Additionally, as the world’s preeminent research institution, the NIH can convene various stakeholders to leverage “big data” and “precision medicine” to help answer questions regarding “what treatments work best for a particular patient” or “what the optimal duration of treatments might be for a particular patient.” Through expanding the NIH’s ability to advance basic research around the biology of pain and addiction, further innovation in treatments and knowledge regarding appropriate and best use of existing medicines will follow.
Second, patients need access to novel and safer options to treat pain and addiction. Treatment of pain and addiction has experienced little change in recent decades. It’s a reality not often acknowledged or widely understood. While current treatments for opioid use disorder, like Buprenorphine are effective, they have been around for many years, and there is a clear need to innovate, identify new and more effective treatments and provide more options for patients.
Contrast these treatments with recent advances in immunotherapy, gene therapy or other curative treatments. We have seen major advances and biomedical breakthroughs enabling effective treatments of AIDS, Hepatitis C and cancer. However are only limited new medicines to treat drug abuse and addiction. In fact, there have been only two novel chemical entities to treat pain approved by the Food and Drug Administration over the past decade.
To change course and to accelerate, we need to modernize the drug development and review processes and couple this with ways to enhance and improve expedited approval pathways for innovative treatments for pain and addiction. We also need to eliminate barriers that impede patient access to the most appropriate treatments. Only through adequate health insurance coverage and the ability to communicate the value of these new medicines will we ensure providers can deliver patients the right treatment, at the right time and with the right support, without stigma.

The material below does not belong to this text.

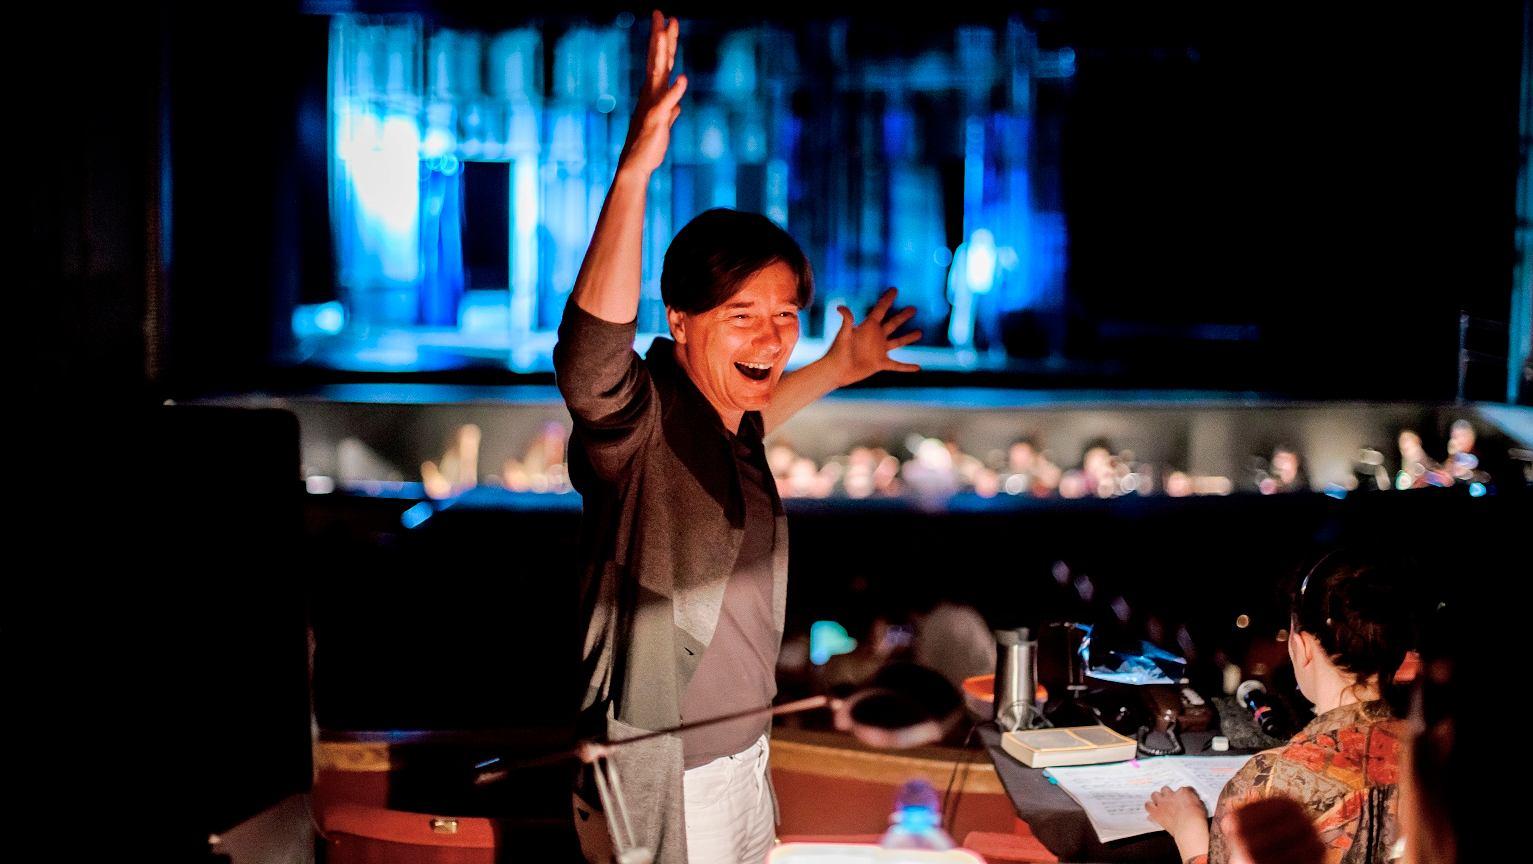 Mariusz Treliński w trakcie prób do opery 'Ognisty anioł' w warszawskim Teatrze Wielkim - Operze Narodowej

Third, we need more investments in research and development to find innovative pain and addiction medicines. Both the public and private sectors have neglected this area of research for too long. Over the last 10 years, there has been 17 times more venture investment in oncology R&D than pain management programs; and there has been even fewer investments in novel addiction treatments.
Removing coverage barriers and modernizing drug development and review processes and approaches will help spur investment for new pain and addiction treatments. The FDA must be equipped with the resources and staff expertise it will need to administer an efficient and effective approval process.
Taken together, these three areas — better science, access to more choices for patients and providers, and new investments — will provide the dose of innovation we desperately need to better help those struggling with pain and addiction and end the opioid epidemic once and for all.
Dr. Jeremy Levin is chairman and CEO of Ovid Therapeutics, and chairs a working group formed by the Biotechnology Innovation Organization that has studied and developed policy solutions to address the opioid epidemic.